When inline asm is the right tool
In decompilation the aim is clean C that byte-matches the target, so inline asm{} is something you generally steer clear of — pasted assembly proves nothing about the original source. There is one situation where it's genuinely justified: the paired-single load/store instructions psq_l and psq_st (and the ps_* arithmetic family). The reason is simple: MWCC GC/2.0 has no intrinsic for them. The exception you saw in the prologue lesson is narrow: a callee-save psq_st falls out automatically with a fixed register-and-offset pattern, but you cannot deliberately direct a psq_l (or the ps_* arithmetic family) at an arbitrary pointer from C at all. So when the original code deliberately packed two floats and loaded or moved them as a unit, the only faithful recovery is a tiny asm{} block.

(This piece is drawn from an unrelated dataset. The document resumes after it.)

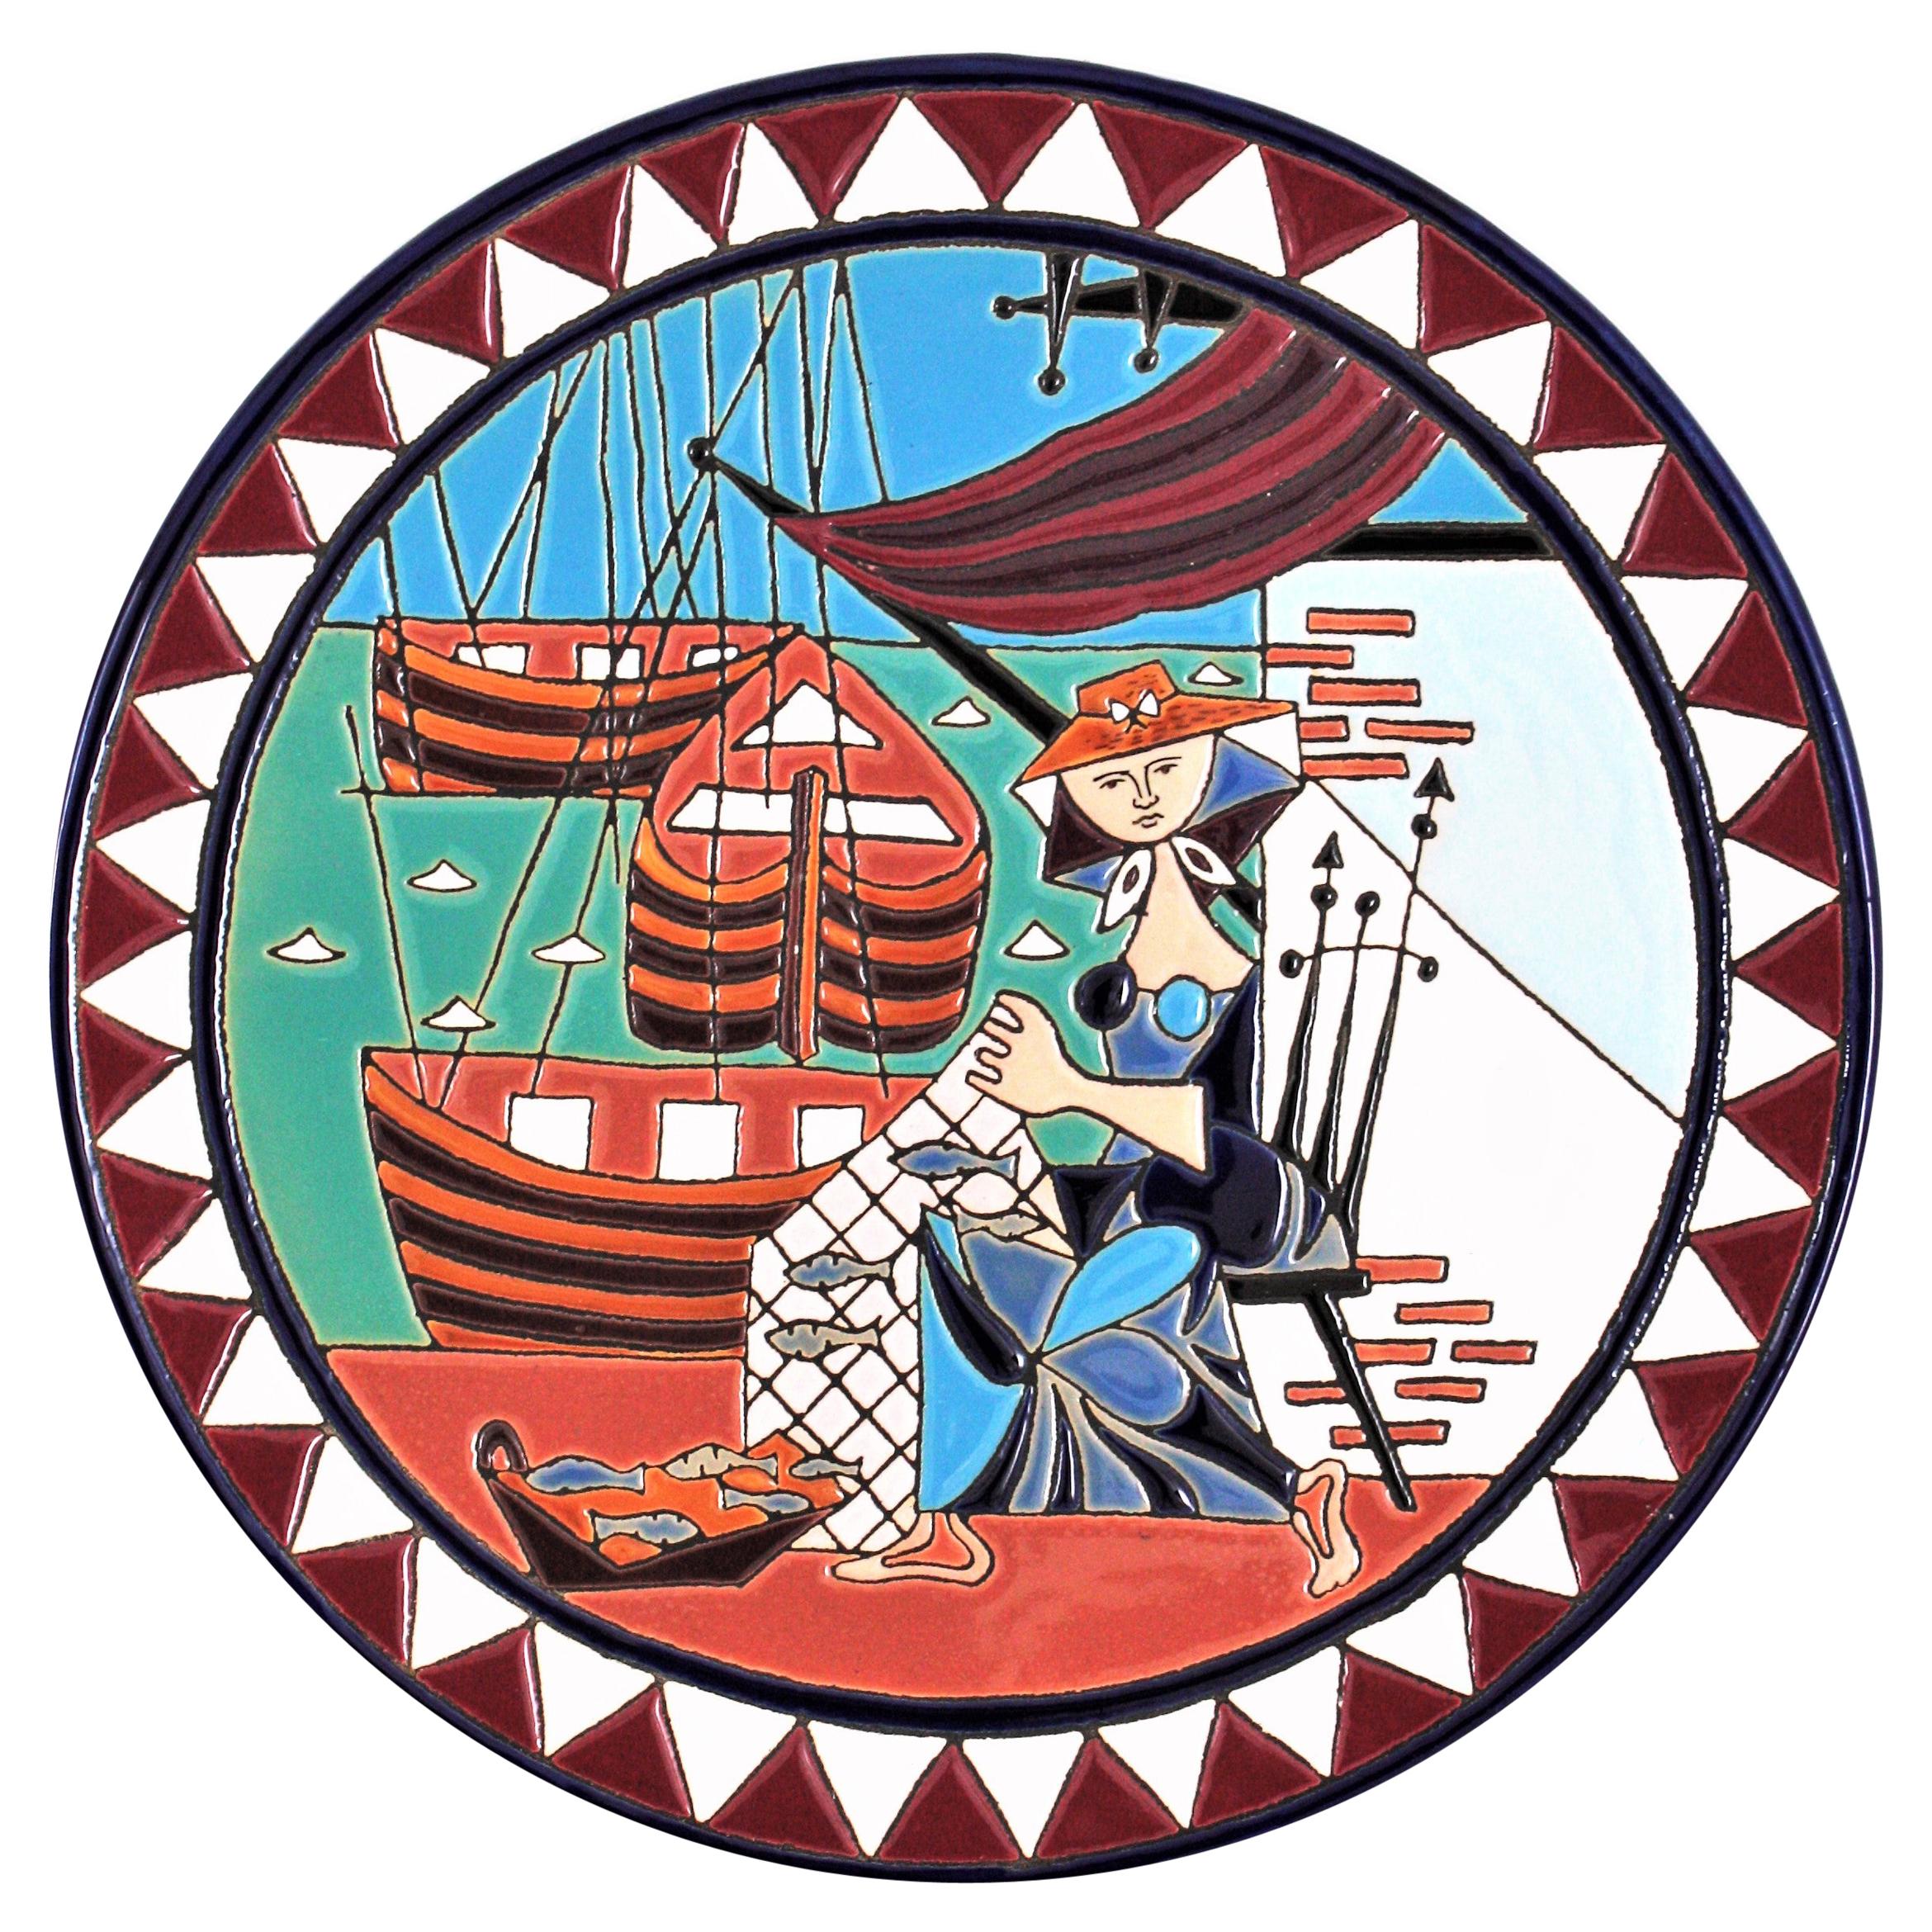 Spanish Ceramic Decorative Wall Plate with Fishing Scene
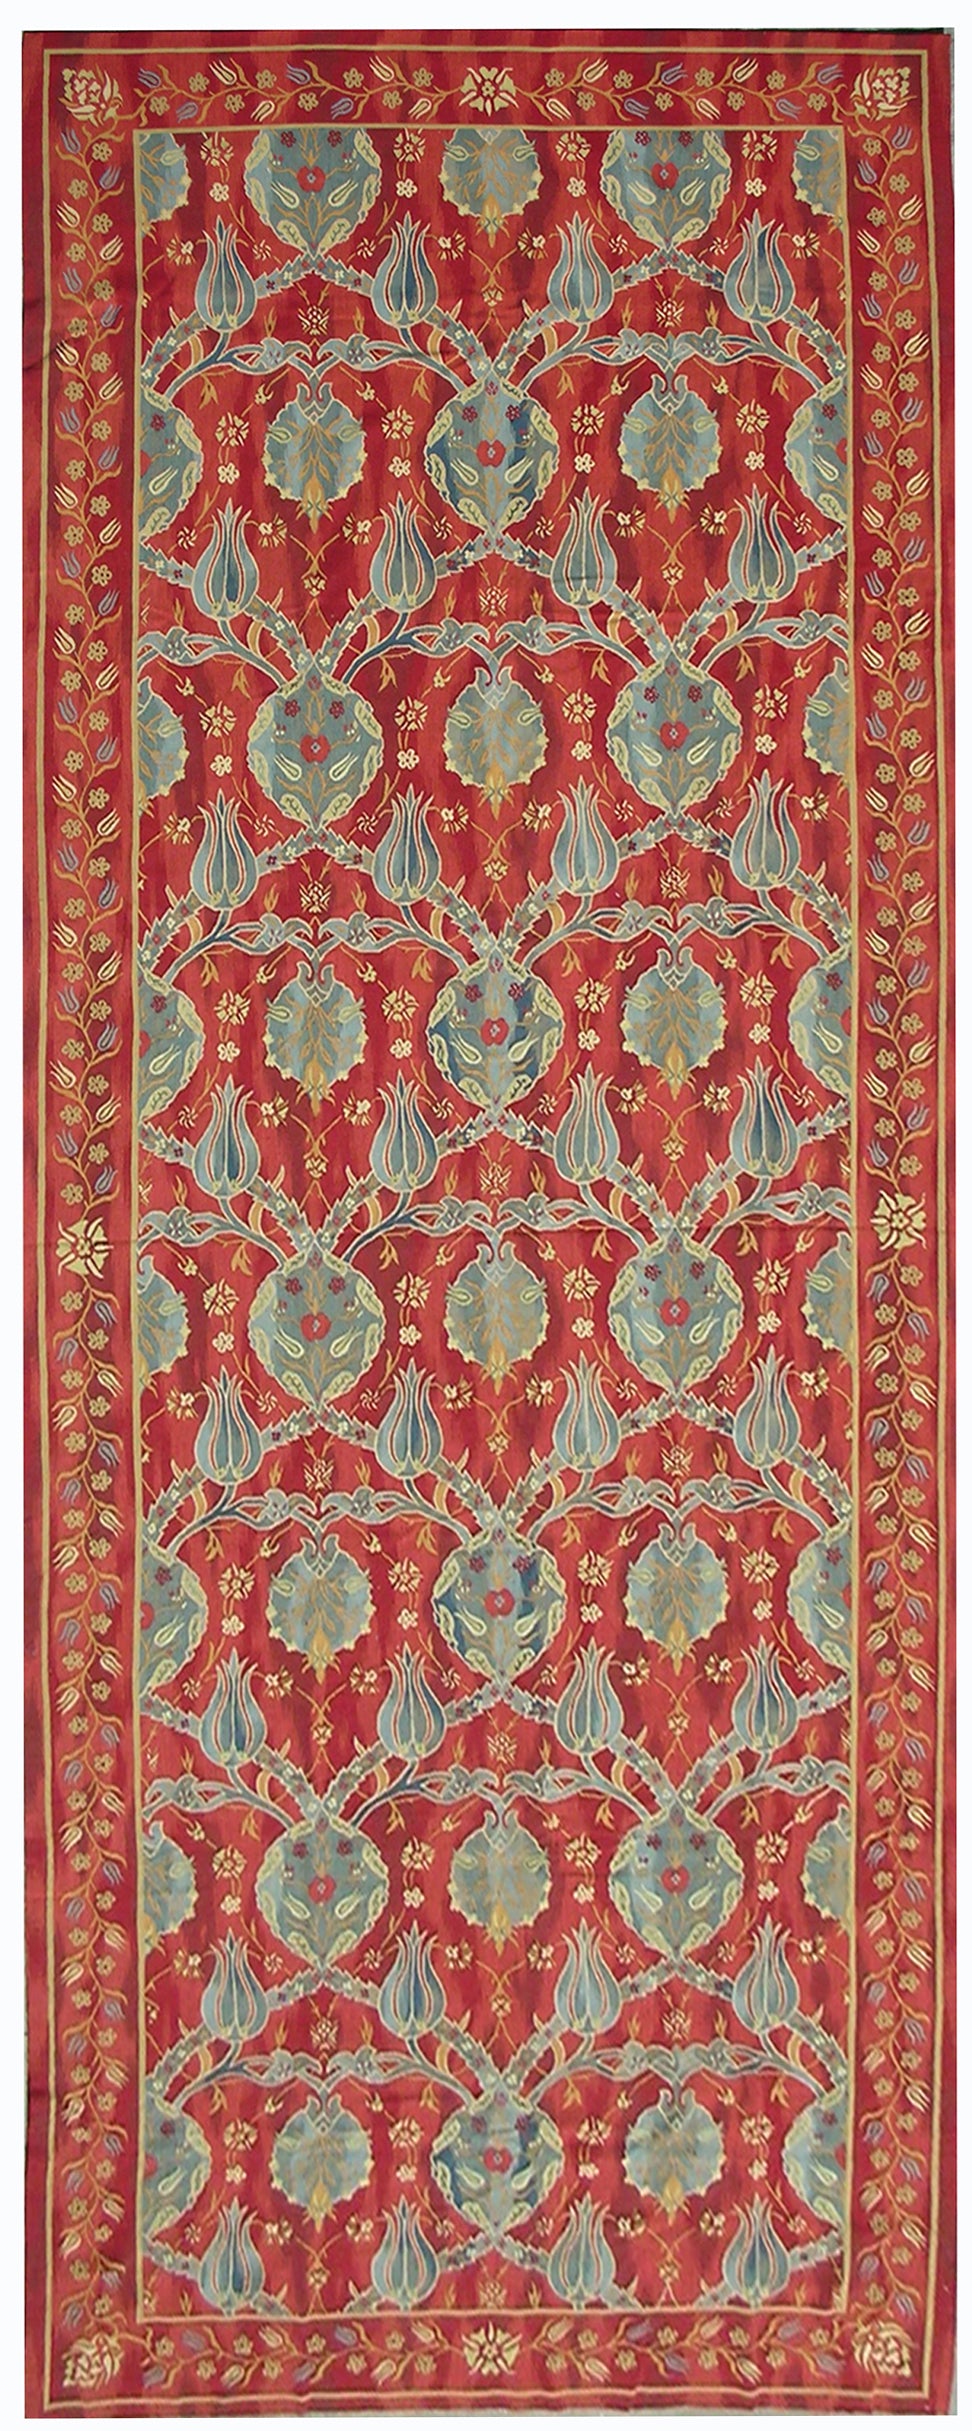 6x18 Red Ottoman Design Aubusson Weave Area Rug

It compiles cleanly here as long as the pointer operands are register-qualified (the assembler needs them already in a GPR):
psq_l f0, 0(r4), 0, 0 # load two packed 32-bit floats from src into f0
psq_st f0, 0(r3), 0, 0 # store both halves to dst
blr
Read the operand form psq_l fD, offset(rA), W, I: W selects 1-vs-2 values, I picks a graphics-quantization mode (0 = no scaling, plain f32). One last trap: stock objdump mis-decodes paired-singles as PowerPC VSX. A GameCube decomp toolchain uses a patched objdump and disassembles with -M gekko (the compiler service here already does) — without it, psq_l shows up as garbage VSX mnemonics and you'll think the match is broken when it isn't.
Your task
Write load_pair(register f32 *dst, register const f32 *src) that uses an asm{} block to psq_l a packed pair from src into f0 and psq_st it to dst. This is the only lesson where asm{} is the right answer — keep both pointer parameters register-qualified or the assembler rejects the operands.